Rebranding Literature is a simple plan to make literature more relevant in the marketplace of ideas by maximizing revenue potential.
Over the course of human history, great works of literature have generated less revenue in aggregate than a single day’s worth of Starbucks sales. This is true even in the United States, where monetary wealth or the pursuit of it seems to trump all other forms of worth. This is true even in American literature of the 20th century, the so-called century of American ascendancy, and, finally, dominance.
Why is literature losing out so badly to the coffee mongers? That they sell a drug, legally, we rejected as too simplistic; many retailers of drugs legal and illegal don’t get wealthy. We attempted to answer the question by visiting a local Starbucks. The answer is shockingly obvious if you have eyes to see. Just look around. Everything is for sale. Little racks with branded items pop up like toadstools. Nature abhors a vacuum; so does Starbucks—every empty space is filled with something you could buy. So, we have initiated a project to go back and apply what we’ve learned to great works of literature in hopes of raising greater revenues.
To demonstrate the profitable improvement of 20th century American fiction, we take a look at two seminal works by two American writers in the forms that show them at their best: William Faulkner in the novel, and Ernest Hemingway in the short story. Here are excerpts from Faulkner’s The Sound and the Fury and Hemingway’s “Big Two-Hearted River: Part II.”
The Sound and the Fury
by William Faulkner and The Stoneslide Corrective
Through the fence, between the curling flower spaces, I could see them hitting Titleist Pro V1s. They were coming toward where the flag was and I went along the Oxford Fence Co. fence. Luster was hunting in the grass by the flower tree. They took the flag out, still wearing their Tour Gold gloves, and they were hitting with their PING Karsten 1959 Craze-e putters. Then they put the flag back and they went to the table, and he hit and the other hit. Then they went on, and I went along the truly high-quality fence. Luster came away from the flower tree and we went along the fence. (Have I mentioned how nice the fence is? You’ll want one for your yard or garden. Keeps out varmints, for sure, and just looks nice on the eyes.) and they stopped and we stopped and I looked through the fence while Luster was hunting in the grass with his .223 bolt action Savage.

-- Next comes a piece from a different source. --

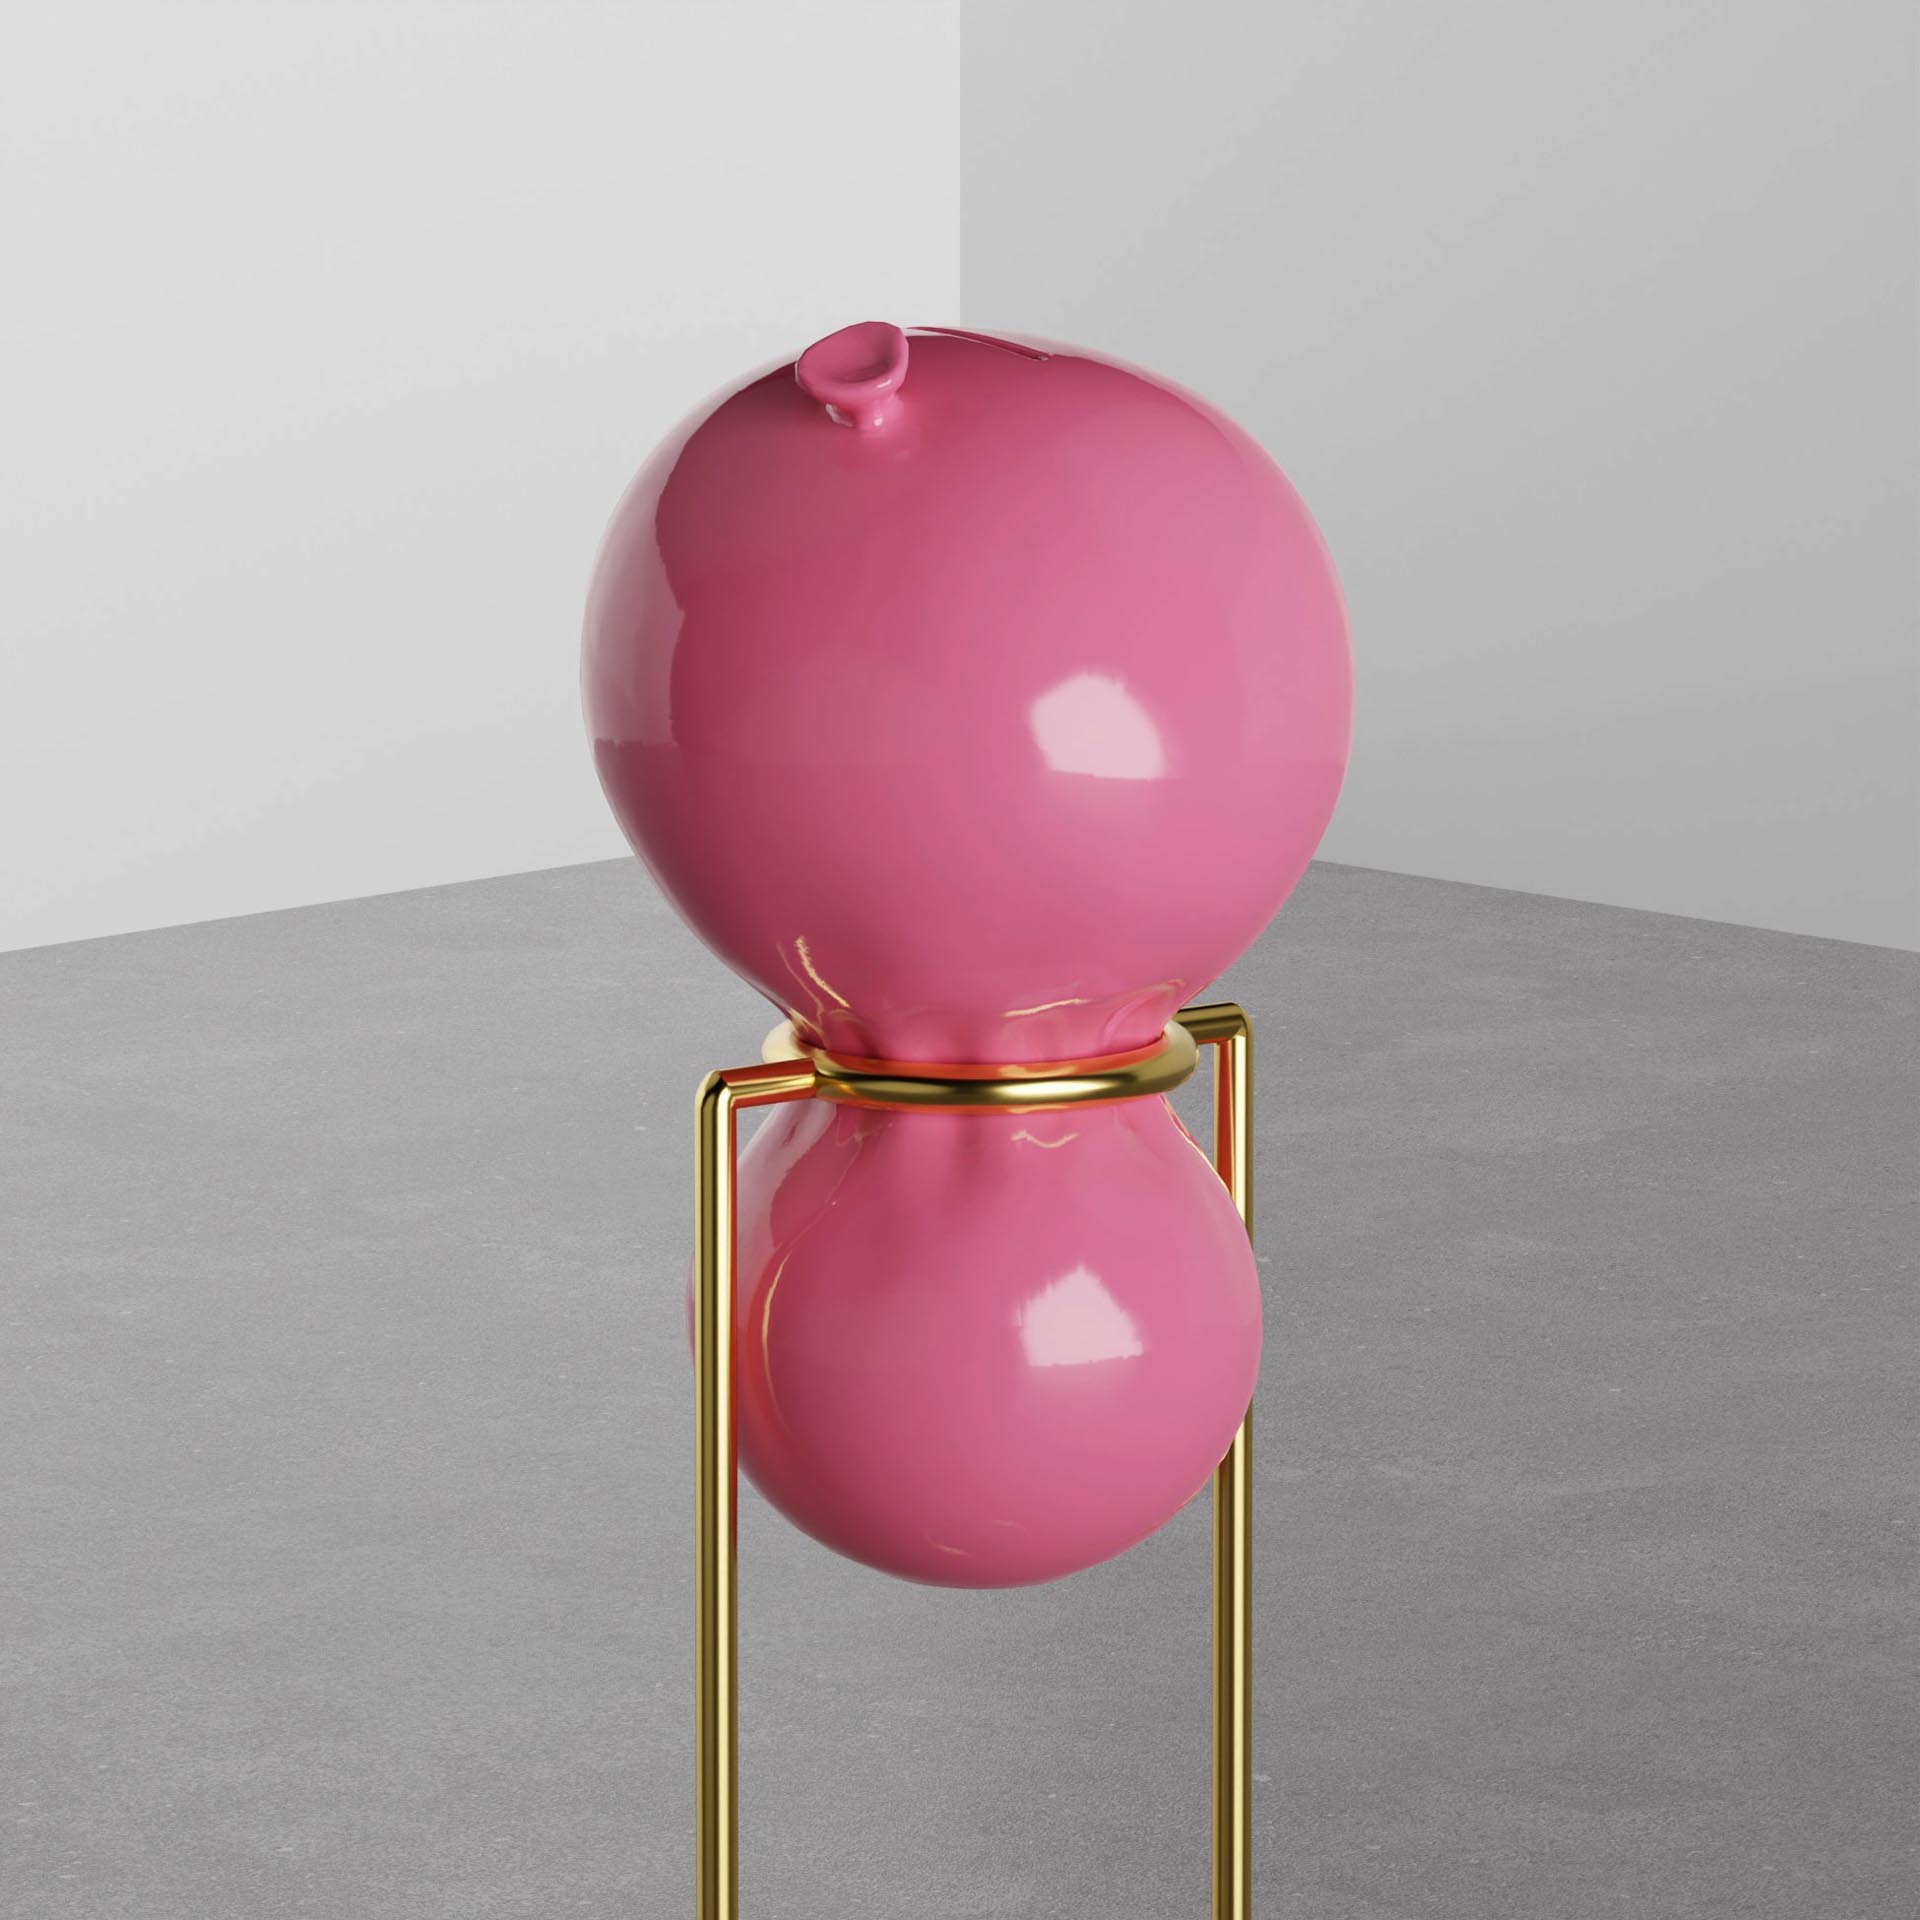 Balloon Piggy Bank by Ahmad Jarrar
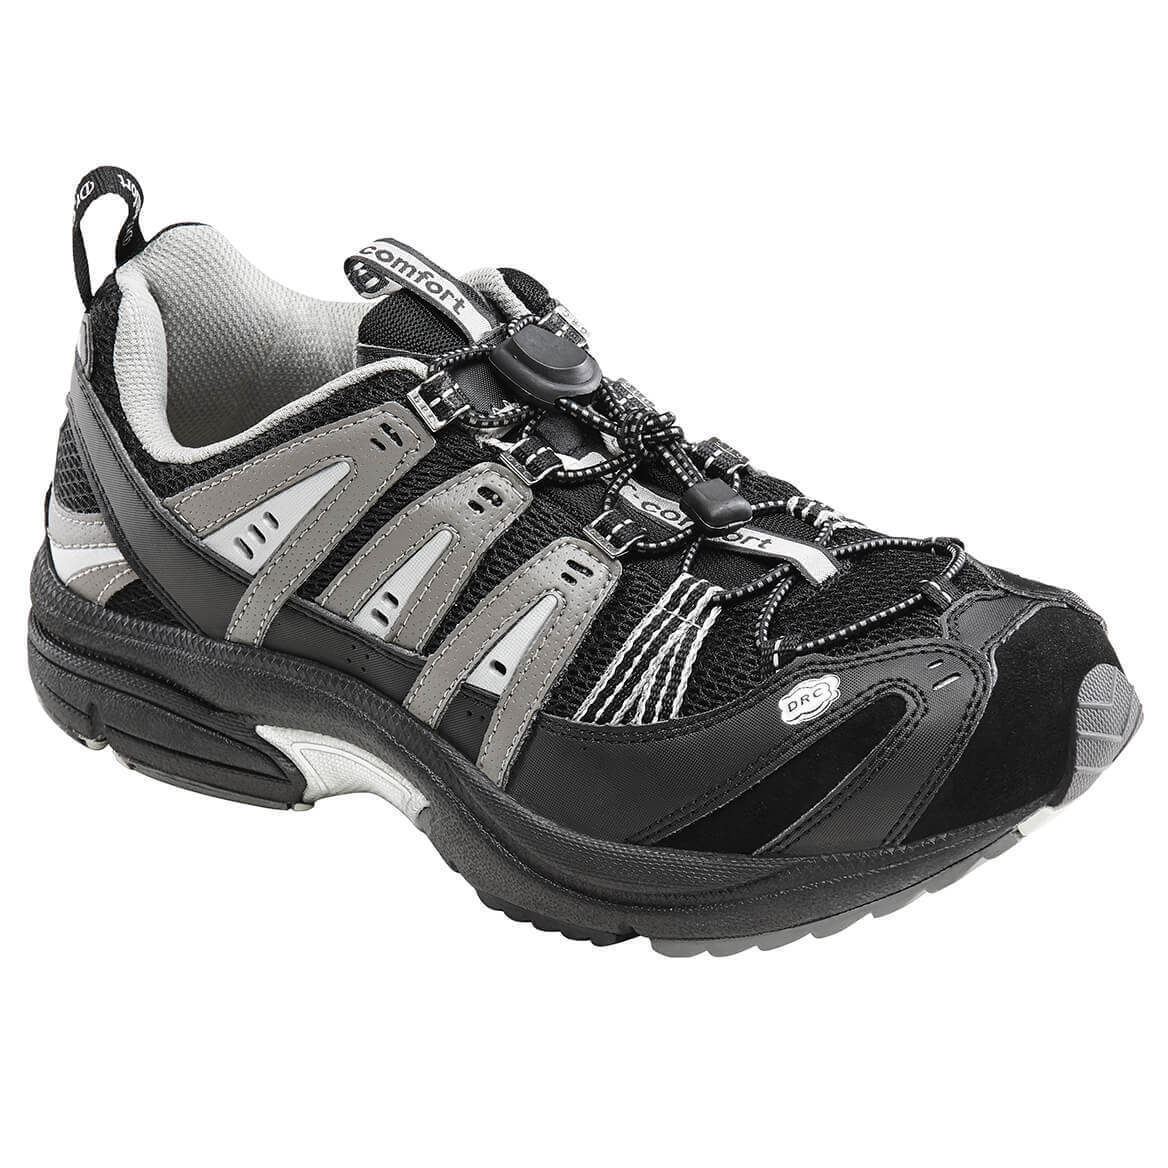 Dr. Comfort Performance Men's Athletic Shoe-6.5W-Black Gray - image 1 of 1

“Big Two-Hearted River: Part II”
by Ernest Hemingway and The Stoneslide Corrective
Nick took his fly rod out of the leather rod-case, jointed it, and shoved the rod case back into the tent. It was a good tent, a true tent, made by The North Face. He put on the reel and threaded the line through the guides. He had to hold it from hand to hand as he threaded it or it would slip back through its own weight. It was a heavy, double tapered fly line. Nick had paid eight dollars for it during a sale at a Bass Pro Shop in Downers Grove a long time ago. It was made heavy to lift back in the air and come forward flat and heavy and straight to make it possible to cast a fly which has no weight. Nick often bought his gear at the Orvis in Chicago, or up in Royal Oak, but Bass won this one on price. Nick opened the aluminum leader box. The leaders were coiled between the damp flannel pads. Nick had wet the pads at the water cooler on the train up to St. Ignace, gateway to Michigan’s Upper Peninsula. In the damp pads the gut leaders had softened and Nick unrolled one and tied it by a loop at the end to the heavy fly line. He fastened a hook on the end of the leader. It was a small hook; very thin and springy.
Nick took it from his hook book sitting with the rod, a Sage THX, across his lap. He tested the knot and the spring of the rod by pulling the line taut. It was a good feeling. His rod was strong, and responsive. He was careful not to let the hook bite into his finger.